Every record below needs to be written out exactly, apart from the pictures.

Provided data:
------------------------------------------------------------

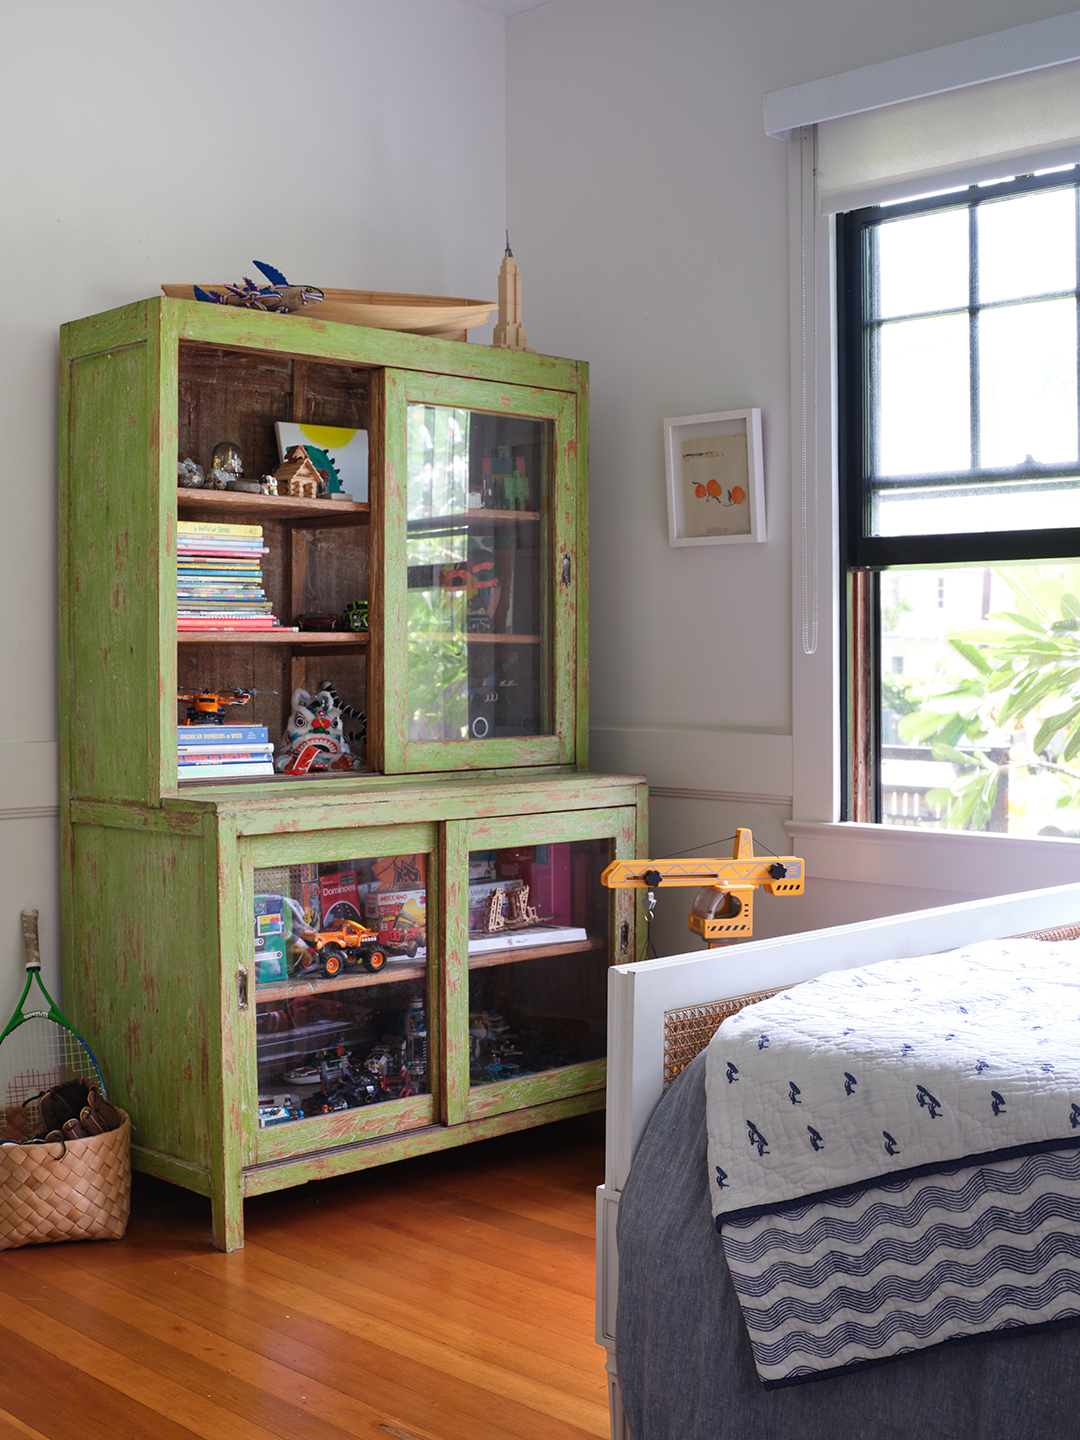 kids room with green cabinet holding toys
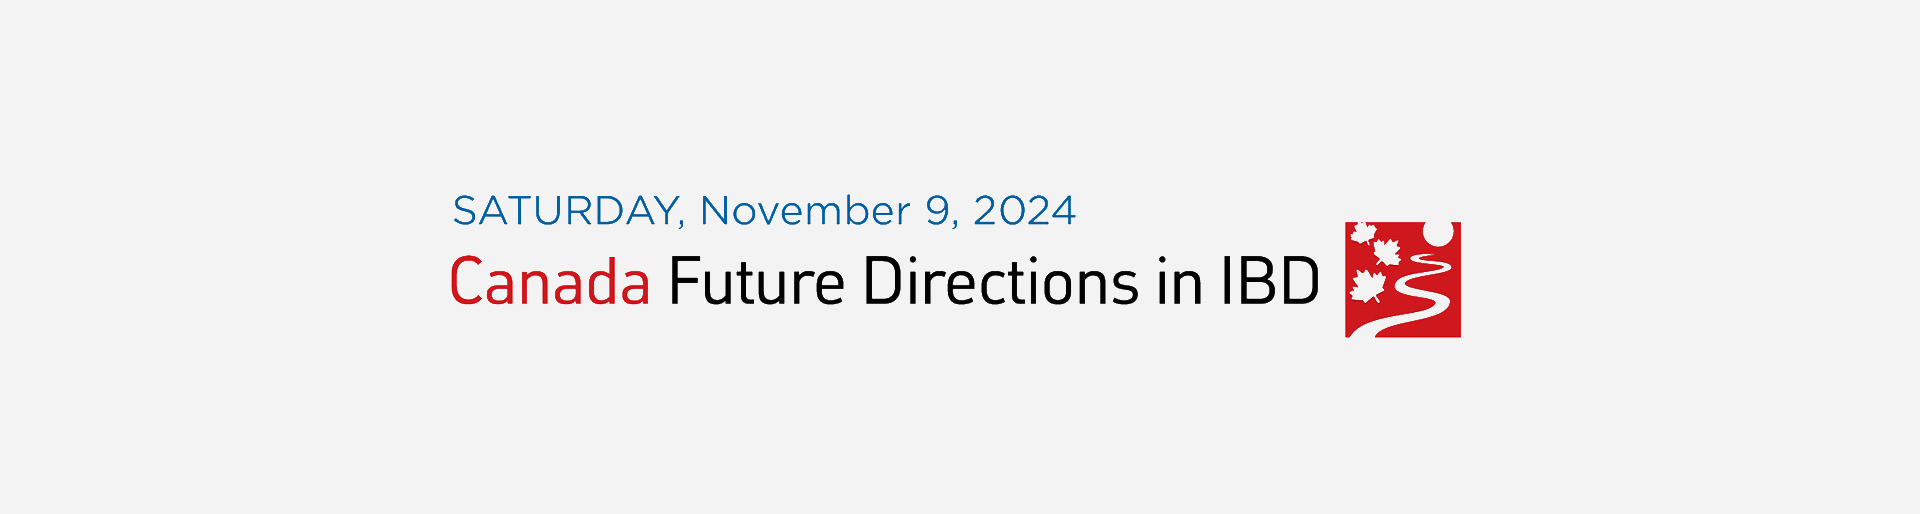 Canada Future Directions in IBD Banner
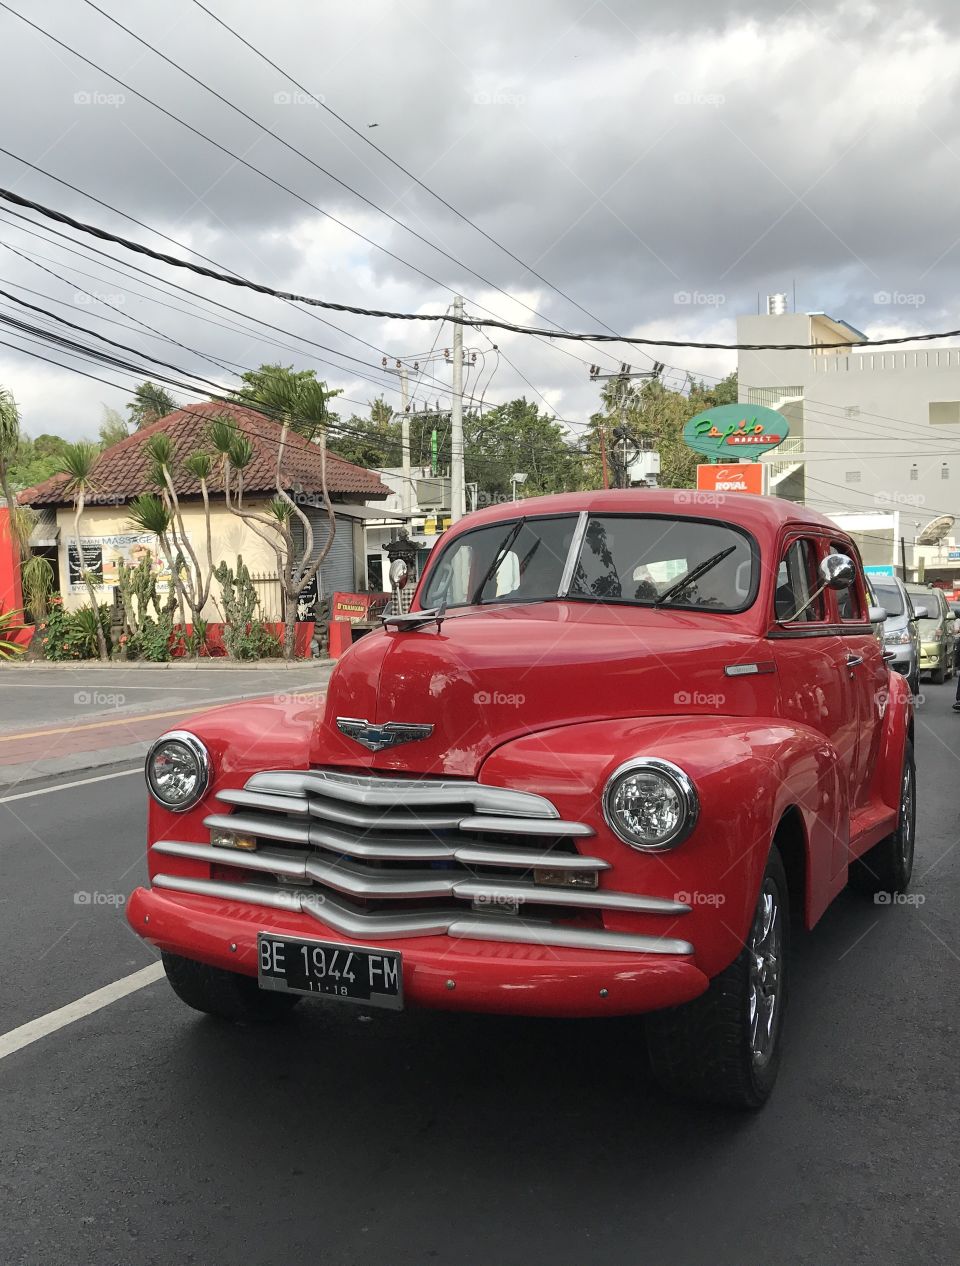 Chevrolet ancient car red
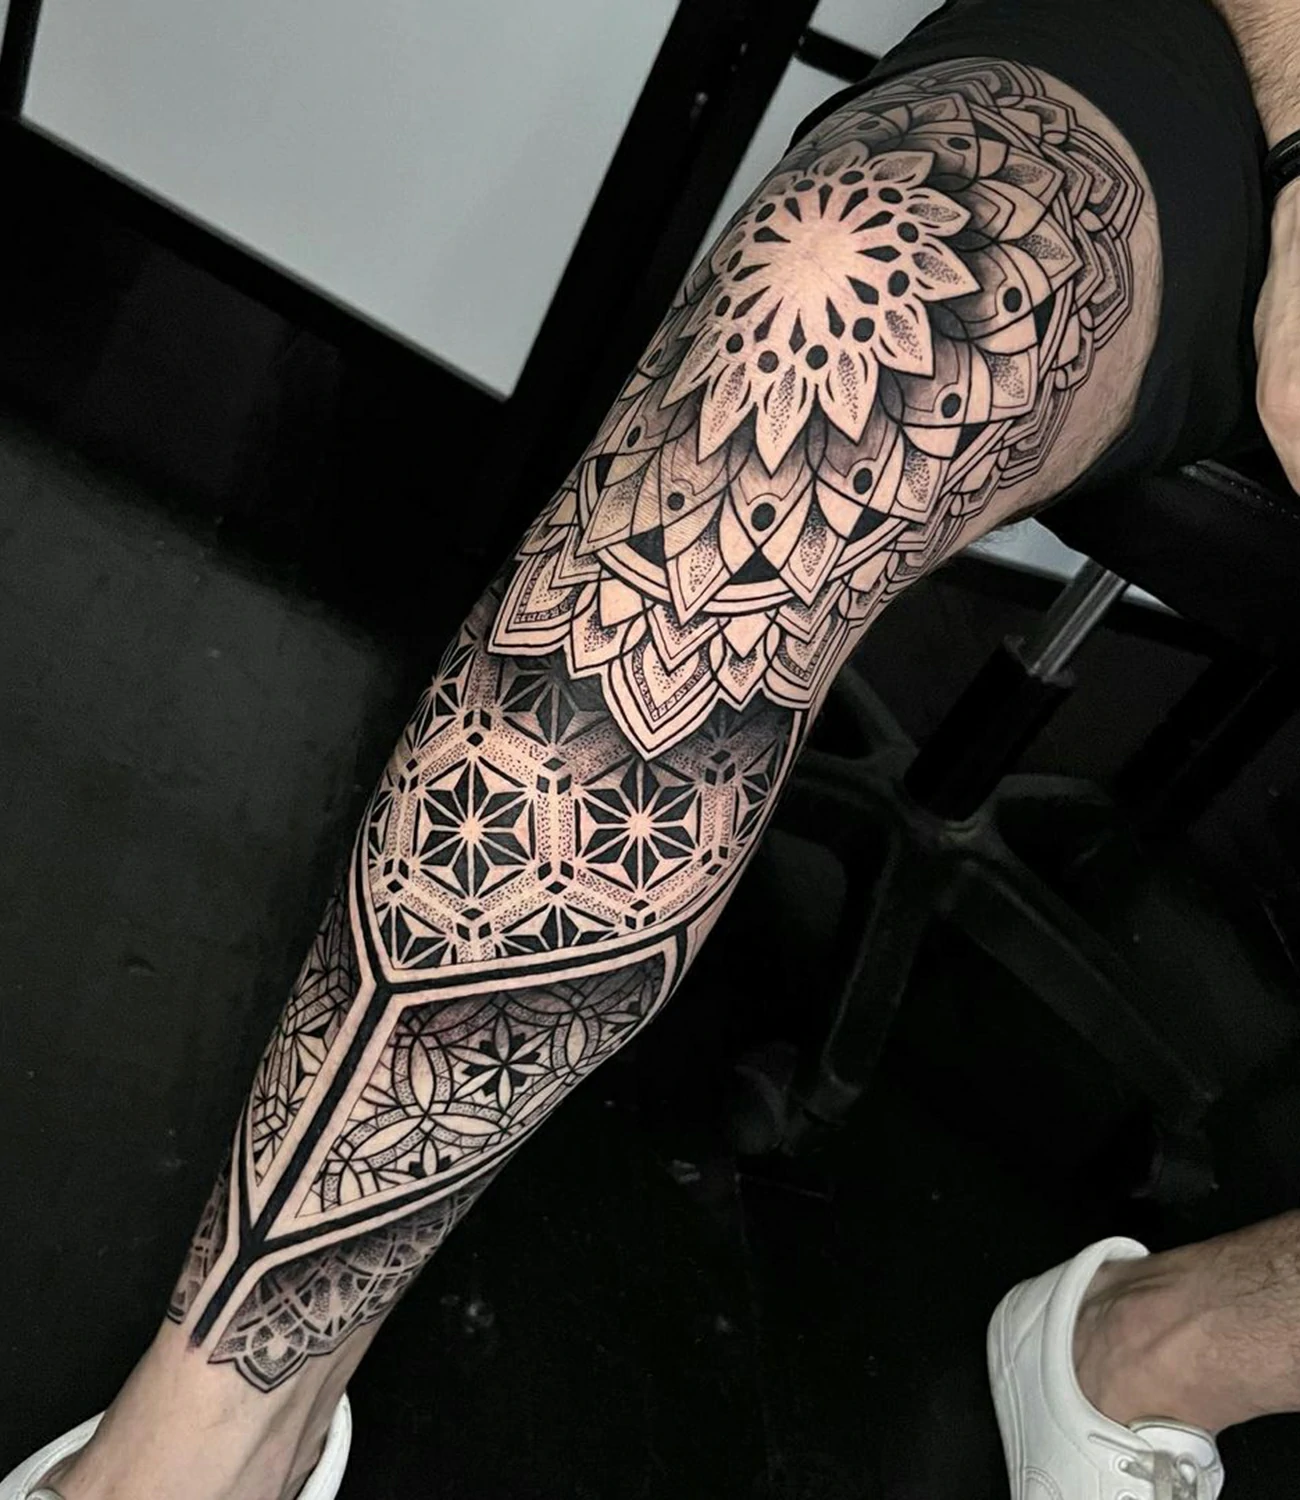 Geometric Leg Tattoo: Geometric leg tattoos cover the leg with intricate shapes and patterns, creating a visually appealing design.
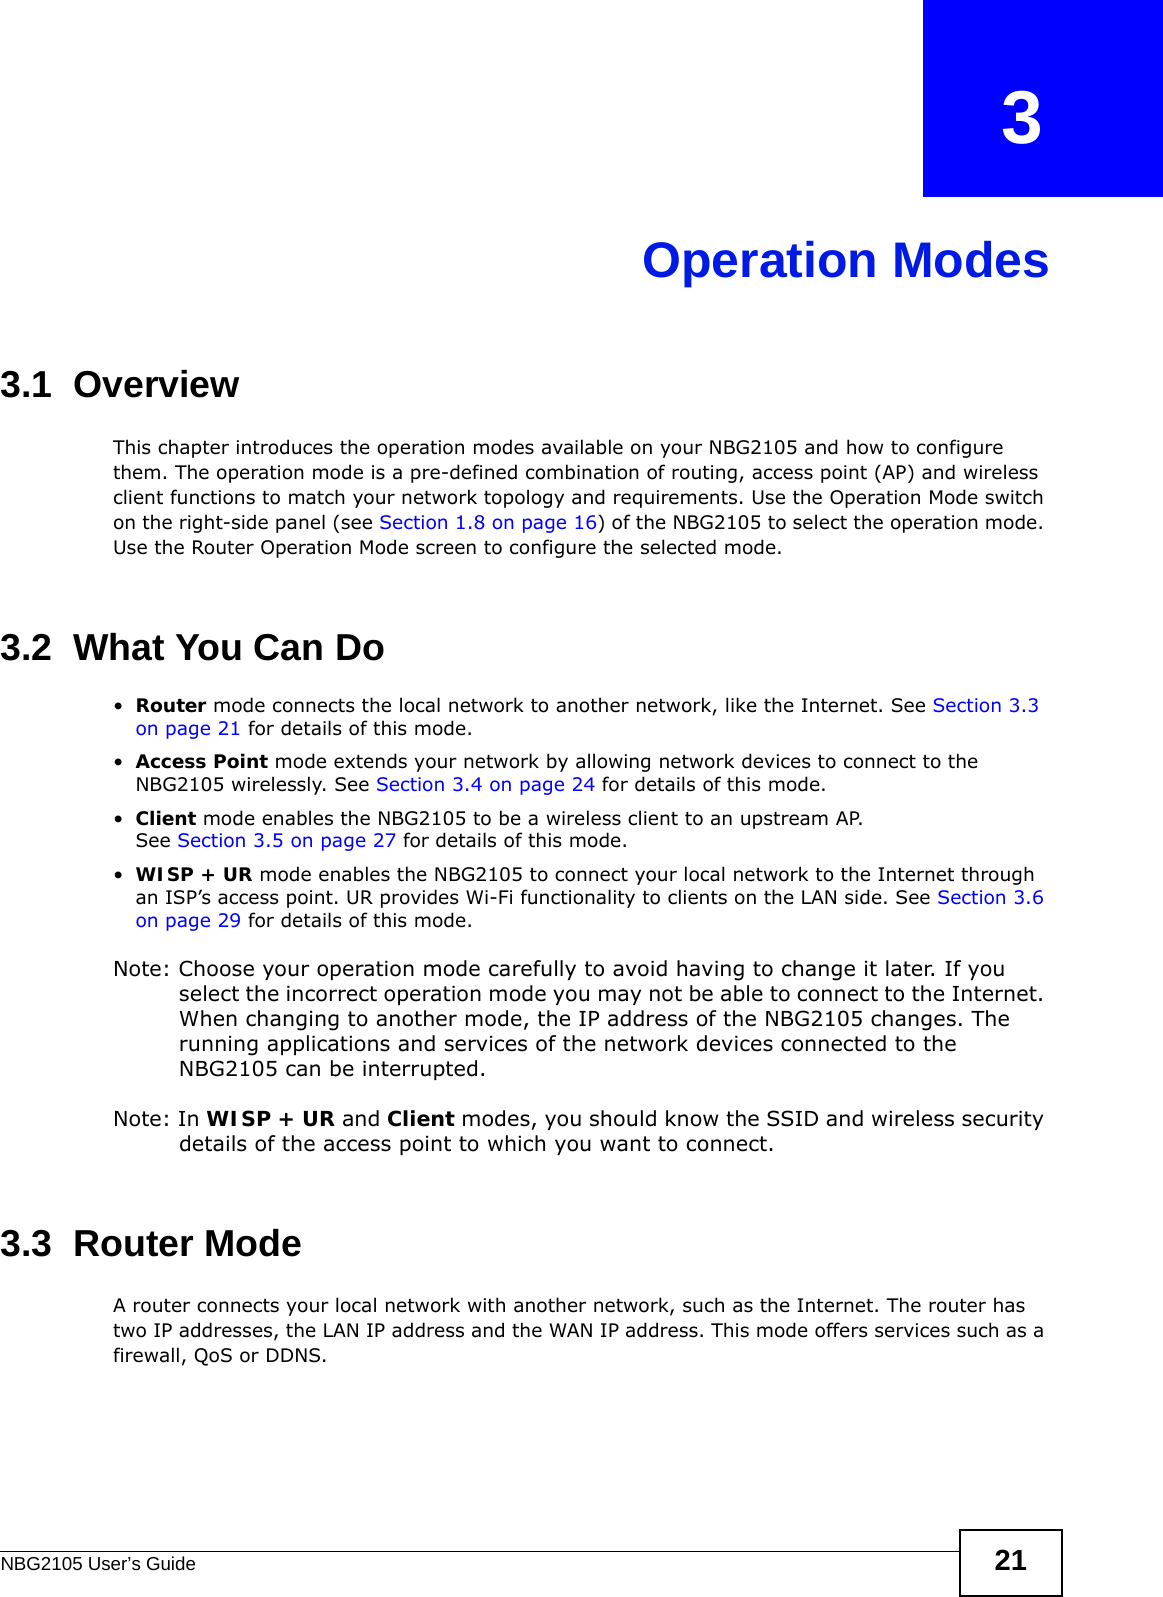 NBG2105 User’s Guide 21CHAPTER   3Operation Modes3.1  OverviewThis chapter introduces the operation modes available on your NBG2105 and how to configure them. The operation mode is a pre-defined combination of routing, access point (AP) and wireless client functions to match your network topology and requirements. Use the Operation Mode switch on the right-side panel (see Section 1.8 on page 16) of the NBG2105 to select the operation mode. Use the Router Operation Mode screen to configure the selected mode.3.2  What You Can Do•Router mode connects the local network to another network, like the Internet. See Section 3.3 on page 21 for details of this mode.•Access Point mode extends your network by allowing network devices to connect to the NBG2105 wirelessly. See Section 3.4 on page 24 for details of this mode.•Client mode enables the NBG2105 to be a wireless client to an upstream AP.See Section 3.5 on page 27 for details of this mode.•WISP + UR mode enables the NBG2105 to connect your local network to the Internet through an ISP’s access point. UR provides Wi-Fi functionality to clients on the LAN side. See Section 3.6 on page 29 for details of this mode.Note: Choose your operation mode carefully to avoid having to change it later. If you select the incorrect operation mode you may not be able to connect to the Internet. When changing to another mode, the IP address of the NBG2105 changes. The running applications and services of the network devices connected to the NBG2105 can be interrupted. Note: In WISP + UR and Client modes, you should know the SSID and wireless security details of the access point to which you want to connect.3.3  Router ModeA router connects your local network with another network, such as the Internet. The router has two IP addresses, the LAN IP address and the WAN IP address. This mode offers services such as a firewall, QoS or DDNS.

------------------------------------------------------------

Task response:
 kids room with green cabinet holding toys
 Canada Future Directions in IBD Banner
 Chevrolet ancient car red
 Geometric Leg Tattoo: Geometric leg tattoos cover the leg with intricate shapes and patterns, creating a visually appealing design.
 NBG2105 User’s Guide 21CHAPTER   3Operation Modes3.1  OverviewThis chapter introduces the operation modes available on your NBG2105 and how to configure them. The operation mode is a pre-defined combination of routing, access point (AP) and wireless client functions to match your network topology and requirements. Use the Operation Mode switch on the right-side panel (see Section 1.8 on page 16) of the NBG2105 to select the operation mode. Use the Router Operation Mode screen to configure the selected mode.3.2  What You Can Do•Router mode connects the local network to another network, like the Internet. See Section 3.3 on page 21 for details of this mode.•Access Point mode extends your network by allowing network devices to connect to the NBG2105 wirelessly. See Section 3.4 on page 24 for details of this mode.•Client mode enables the NBG2105 to be a wireless client to an upstream AP.See Section 3.5 on page 27 for details of this mode.•WISP + UR mode enables the NBG2105 to connect your local network to the Internet through an ISP’s access point. UR provides Wi-Fi functionality to clients on the LAN side. See Section 3.6 on page 29 for details of this mode.Note: Choose your operation mode carefully to avoid having to change it later. If you select the incorrect operation mode you may not be able to connect to the Internet. When changing to another mode, the IP address of the NBG2105 changes. The running applications and services of the network devices connected to the NBG2105 can be interrupted. Note: In WISP + UR and Client modes, you should know the SSID and wireless security details of the access point to which you want to connect.3.3  Router ModeA router connects your local network with another network, such as the Internet. The router has two IP addresses, the LAN IP address and the WAN IP address. This mode offers services such as a firewall, QoS or DDNS.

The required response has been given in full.